Inzwischen hat sich herumgesprochen, dass die atombestückte Feindschaft im Subkontinent wesentlich gefährlicher ist als die zwischen den Supermächten, da sich hier zwei Nachbarn an einer über tausend Kilometer langen und zum Teil umstrittenen gemeinsamen Grenze gegenüberstehen. Eine pakistanische Atomrakete würde gerade drei Minuten nach Delhi brauchen; die Flugbahn eines indischen Projektils nach Islamabad wäre sogar weniger als eine Minute. Die Warnzeit, während der eine solche Rakete in der Luft angegriffen und die Bevölkerung gewarnt werden könnte, ist also zehnmal kürzer, als sie einst für den Ernstfall der USA und ihres sowjetischen Widersachers berechnet wurde.

Doch wer heute einen Passanten in den Straßen der indischen Hauptstadt fragt, wie er sich im Ernstfall verhalten würde, erhält als Antwort bestenfalls ein Achselzucken. Die Ignoranz ist auch die Folge des Informationsnotstands, um nicht zu sagen einer staatlichen Informationsverweigerung, die mit einer vollständigen Vernachlässigung aller Vorsorgemaßnahmen einhergeht. Zwar heißt es im Entwurf der indischen Nukleardoktrin, das Land werde ein „Katastrophen-Kontrollsystem“ einrichten.

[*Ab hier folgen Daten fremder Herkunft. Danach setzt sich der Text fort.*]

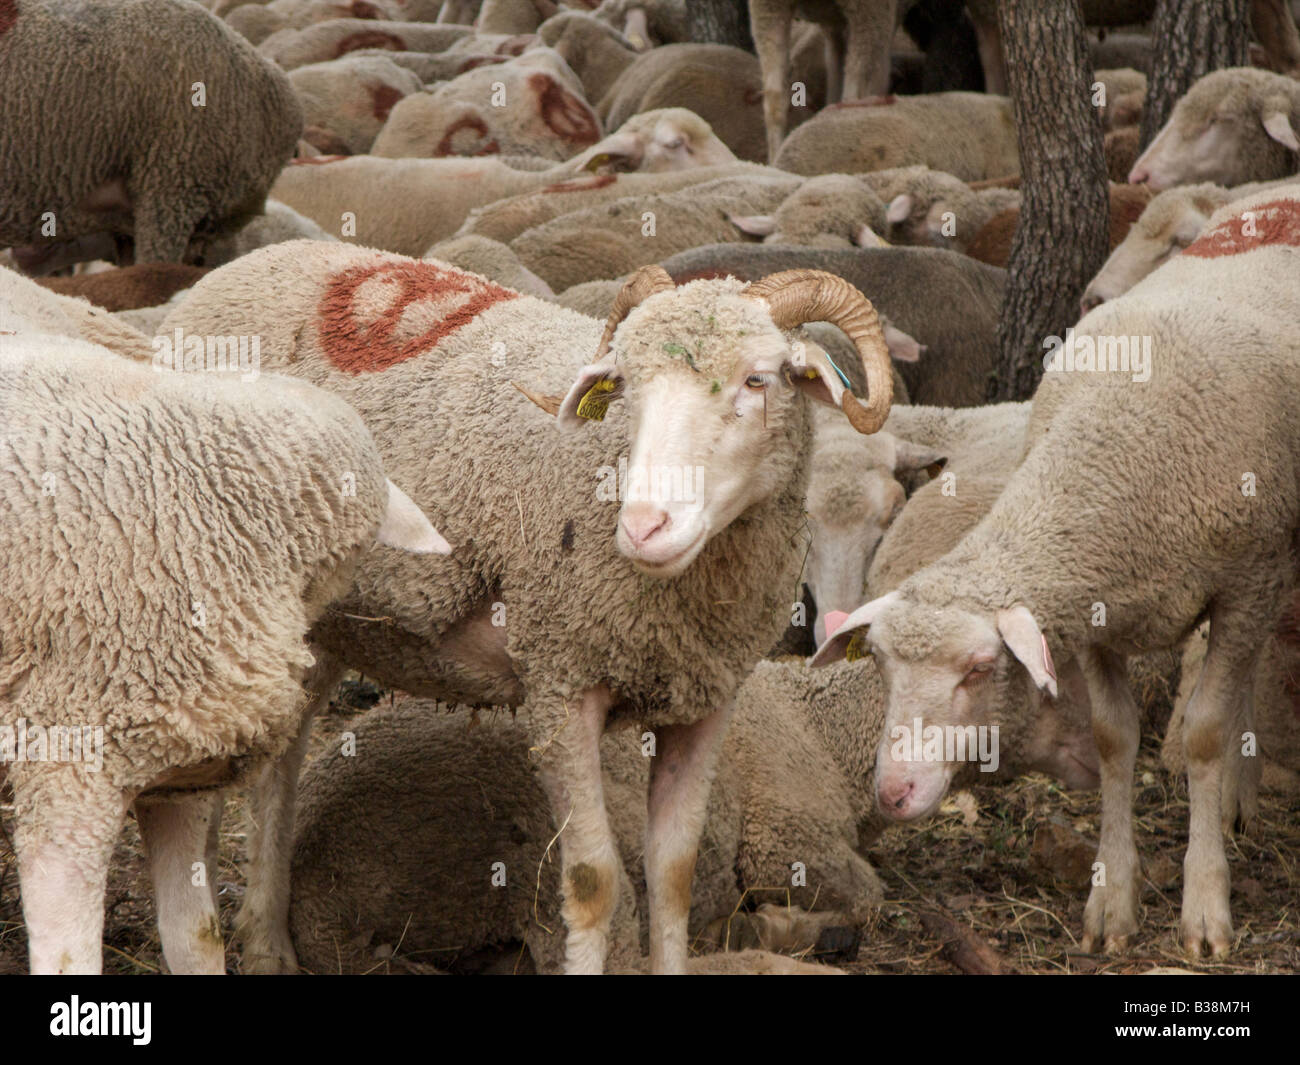 Beaucoup de repos et des moutons paissant dans la Forêt, Montauroux, Var, France Banque D'Images

Aber diese Absichtserklärung bezieht sich auf das Verhalten bei Unfällen bei der Lagerung und der Behandlung von Waffen und Materialien, nicht den Schutz der Zivilbevölkerung oder der Soldaten im Kriegsfall.

Spricht man mit Vertretern des militärischen Establishments, begründen diese die fehlenden Informationen und Schutzmaßnahmen ausgerechnet mit der offiziellen Ablehnung der Atomwaffe als einer annehmbaren Form der Kriegsführung. „Die offizielle indische Version lautet“, sagt Raja Menon, ein Mitglied des Nationalen Verteidigungsrats, „dass es nie zu einem Atomschlag kommen wird. Wir haben, sagt die Nukleardoktrin, absolutes Vertrauen darauf, dass unsere Zweitschlagskapazität jeden möglichen Atomangriff eines Gegners ausschließt.“

Menon fürchtet, dass die Einrichtung von Schutzräumen oder die Ausgabe von Medikamenten gegen radioaktive Strahlung Angst in der Bevölkerung schüren und möglichen Gegnern ein falsches Signal aussenden würde. „Es ist wie in der Armee. Wenn die Führung den Soldaten Gasmasken ausgibt, kann dies auf zwei Arten gelesen werden: Wir wollen uns vor möglichen Chemiewaffen-Einsätzen des Gegners schützen, lautet die eigene Version. Aber der Gegner kann es als Bedrohung interpretieren: Die geben ihren Soldaten Schutzmasken aus, weil sie selber Chemiewaffen einzusetzen gedenken. Wenn Atomwaffen nur eine Abschreckung bewirken sollen und nie eine realistische Waffenoption sind, dann dürfen wir unser Land nicht auf den Atomkrieg vorbereiten.“

In den Augen von Atomwaffengegnern wie dem Publizisten Praful Bidwai ist dies die zynische Rationalisierung eines Spiels mit dem atomaren Feuer. Für ihn steckt hinter dem Stillschweigen und dem Mangel an Maßnahmen eine bewusste Logik: Sowohl Indien wie Pakistan wollen verhindern, dass mit Aufklärung und realistischen Darstellungen der katastrophalen Wirkung von atomaren Feuerstürmen die Opposition in der Öffentlichkeit wächst.

Jahrzehntelang haben Indien und Pakistan eine Politik der strikten Ablehnung von Atomwaffen verfolgt. Die inzwischen aufgegebene öffentliche Ächtung erreichte, so Bidwai, das Gegenteil: Sie verhinderte breite Debatten über das Für und Wider dieser Todeswaffe.